**WORK ITEM**
Wherever the word "Design" shows up in the data, report the line it sits in.

<<<<

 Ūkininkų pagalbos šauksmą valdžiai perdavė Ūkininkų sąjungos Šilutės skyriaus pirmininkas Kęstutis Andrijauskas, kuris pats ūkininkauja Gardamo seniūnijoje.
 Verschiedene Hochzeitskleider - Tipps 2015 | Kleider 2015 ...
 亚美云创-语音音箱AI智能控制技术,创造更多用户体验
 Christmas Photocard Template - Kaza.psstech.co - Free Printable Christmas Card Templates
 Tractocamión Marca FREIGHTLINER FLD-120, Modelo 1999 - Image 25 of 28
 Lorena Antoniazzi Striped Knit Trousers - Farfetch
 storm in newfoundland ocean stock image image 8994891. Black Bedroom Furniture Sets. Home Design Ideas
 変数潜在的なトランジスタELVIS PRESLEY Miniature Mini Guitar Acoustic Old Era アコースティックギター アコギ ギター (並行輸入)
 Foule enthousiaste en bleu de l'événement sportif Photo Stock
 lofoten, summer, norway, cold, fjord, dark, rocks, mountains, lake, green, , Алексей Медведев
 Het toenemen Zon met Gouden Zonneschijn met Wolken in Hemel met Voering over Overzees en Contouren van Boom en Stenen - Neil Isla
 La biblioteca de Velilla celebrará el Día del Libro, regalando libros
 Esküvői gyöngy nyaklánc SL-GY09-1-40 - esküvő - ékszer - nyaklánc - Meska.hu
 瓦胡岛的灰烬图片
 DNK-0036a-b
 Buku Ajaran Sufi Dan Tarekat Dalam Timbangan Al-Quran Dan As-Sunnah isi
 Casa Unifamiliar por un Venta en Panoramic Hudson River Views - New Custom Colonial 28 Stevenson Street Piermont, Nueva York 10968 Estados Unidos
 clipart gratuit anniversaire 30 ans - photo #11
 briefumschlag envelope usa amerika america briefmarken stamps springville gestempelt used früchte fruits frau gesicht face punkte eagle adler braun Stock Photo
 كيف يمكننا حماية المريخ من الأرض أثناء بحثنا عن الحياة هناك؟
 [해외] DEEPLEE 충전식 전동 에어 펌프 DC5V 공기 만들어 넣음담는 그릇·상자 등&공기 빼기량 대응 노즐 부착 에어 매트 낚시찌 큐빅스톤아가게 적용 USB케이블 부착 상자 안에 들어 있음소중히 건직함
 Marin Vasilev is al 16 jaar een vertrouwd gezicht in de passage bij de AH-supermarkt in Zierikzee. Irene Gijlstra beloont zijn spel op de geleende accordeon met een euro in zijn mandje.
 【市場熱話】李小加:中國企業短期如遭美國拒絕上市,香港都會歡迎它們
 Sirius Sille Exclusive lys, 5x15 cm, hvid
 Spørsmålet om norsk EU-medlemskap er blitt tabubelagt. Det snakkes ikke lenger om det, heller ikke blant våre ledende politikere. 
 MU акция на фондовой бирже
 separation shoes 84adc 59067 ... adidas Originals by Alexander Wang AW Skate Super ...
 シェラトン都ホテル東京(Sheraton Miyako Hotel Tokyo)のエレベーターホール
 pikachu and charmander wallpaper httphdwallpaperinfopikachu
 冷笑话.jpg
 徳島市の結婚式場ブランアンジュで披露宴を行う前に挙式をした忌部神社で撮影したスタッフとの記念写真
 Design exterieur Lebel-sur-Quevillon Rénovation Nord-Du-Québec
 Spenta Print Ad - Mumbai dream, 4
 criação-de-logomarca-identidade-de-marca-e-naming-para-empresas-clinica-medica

>>>>

**SOLUTION TO THIS TASK**
 storm in newfoundland ocean stock image image 8994891. Black Bedroom Furniture Sets. Home Design Ideas
 Design exterieur Lebel-sur-Quevillon Rénovation Nord-Du-Québec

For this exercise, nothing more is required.